** All MU Music Research Seminars can be accessed by contacting Dr Laura Watson at [email protected]. **
Prof. Victor Lazzarini (Maynooth University)
Spectral Design in Music
Abstract: Contemporary music, that is the music made today, independent of any genre, is arguably produced with a significant amount of effort in spectral design. While we could perhaps consider that such concerns have always been part of music making, they are definitely central to it at this point in time. This seminar will explore, through a look at the music of the 20th and 21st century, how this came to pass. Starting with a shift from tonal-functional structures to a focus on the sonic qualities of musical materials, the history of musical invention in the last hundred years can be described a gradual conquering of the spectrum. The forces of recording and broadcasting technology played a significant role in this, as did the rise of electronic and computer music practice. The seminar will attempt to trace all these elements, sources, and streams, which together form the river that is today's spectrally-designed music.
Bio: Prof. Lazzarini is a graduate of the Universidade Estadual de Campinas (UNICAMP) in Brazil, where he was awarded a Bachelor of Music in Composition. He completed his doctorate at the University of Nottingham, UK, where he received the Heyman scholarship for research progress and the Hallward composition prize for a large-scale work, Magnificat. His interests include musical signal processing and sound synthesis; computer music languages; electroacoustic and instrumental composition. Dr Lazzarini received the NUI New Researcher Award in 2002 and the Ireland Canada University Foundation scholarship in 2006. He has authored over one hundred articles in peer-reviewed publications in his various specialist research areas. He is the author of Aulib, an object-oriented library for audio signal processing, and is one of the project leaders for the Csound sound and music programming system.
Prof. Lazzarini has forged links with Industry, providing consultancy and research support to Irish companies in the area of computer music and running an Enterprise-Ireland funded commercialisation project. In addition to these activities, he is active as a composer of computer and instrumental music, having won the AIC/IMRO International Composition prize in 2006. His music is regularly performed in Ireland and abroad, and has been released on CD by FarPoint Recordings.
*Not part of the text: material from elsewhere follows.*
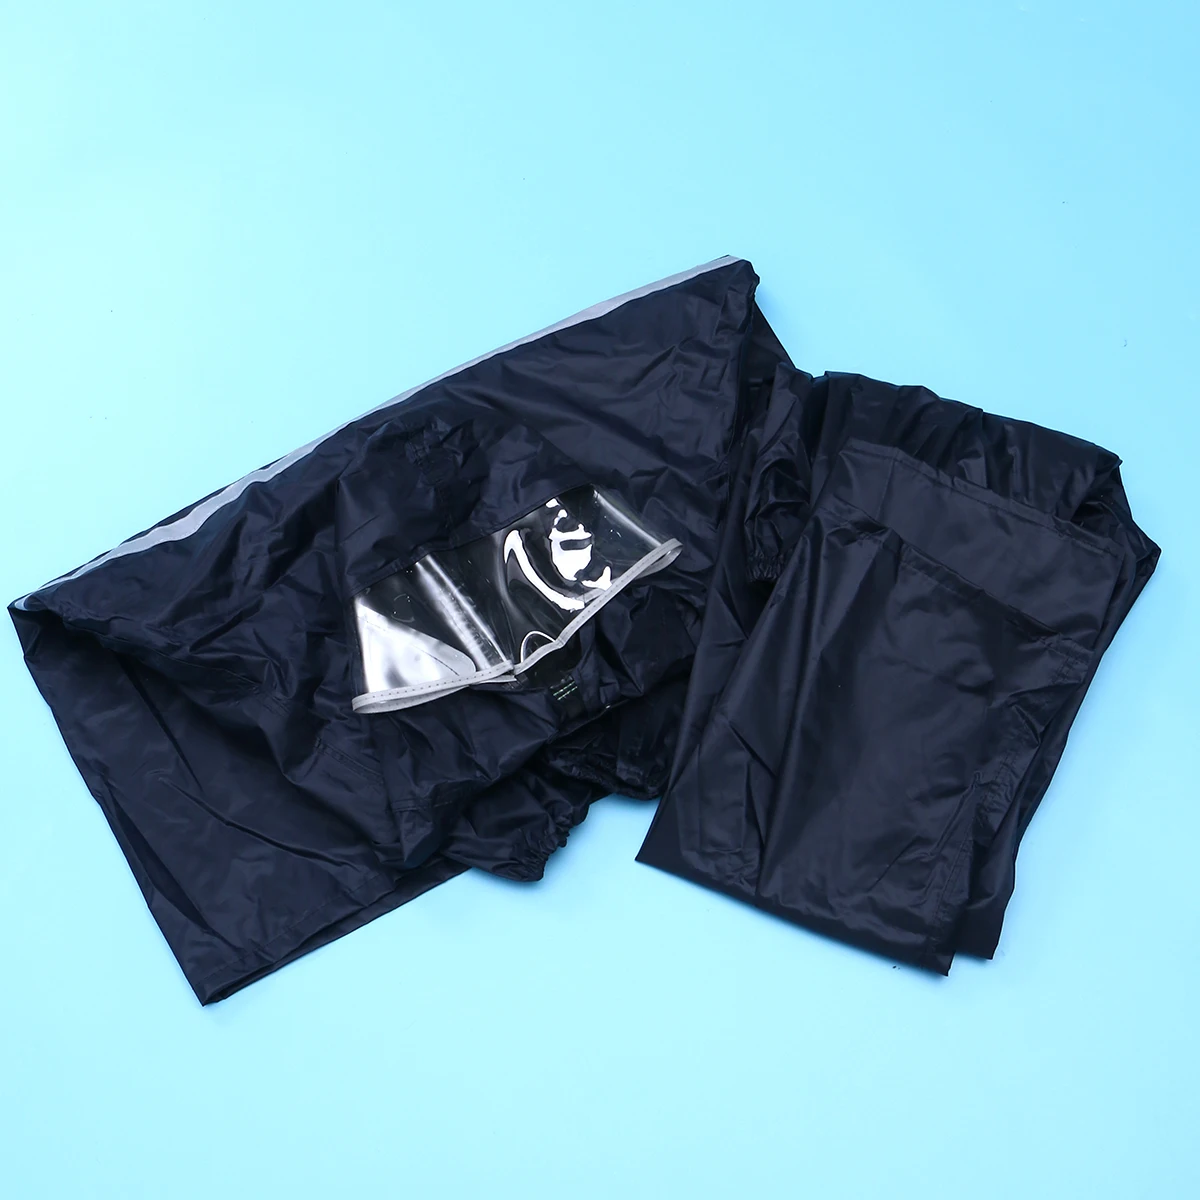 Утепленный дождевик из двух предметов со светоотражающими полосками, размер L-XXXL, моторный дождевик для велопрогулок дождевик; непромокаемые штаны для взрослых мужчин и женщин

Recent publications include Computer Music Instruments: Foundations, Design and Applications (Springer, 2017), Computer Music Instruments II: Realtime and Object-Oriented Audio (Springer, 2019), and ‘Parallel Computation of Time-Varying Convolution’ (Journal of New Music Research 2020). He recently completed Ubiquitous Music Ecologies (with D. Keller, N. Otero, and L. Turchet, 2020), as well a new research monograph for Oxford University Press, Spectral Music Design: A Computational Approach (in press).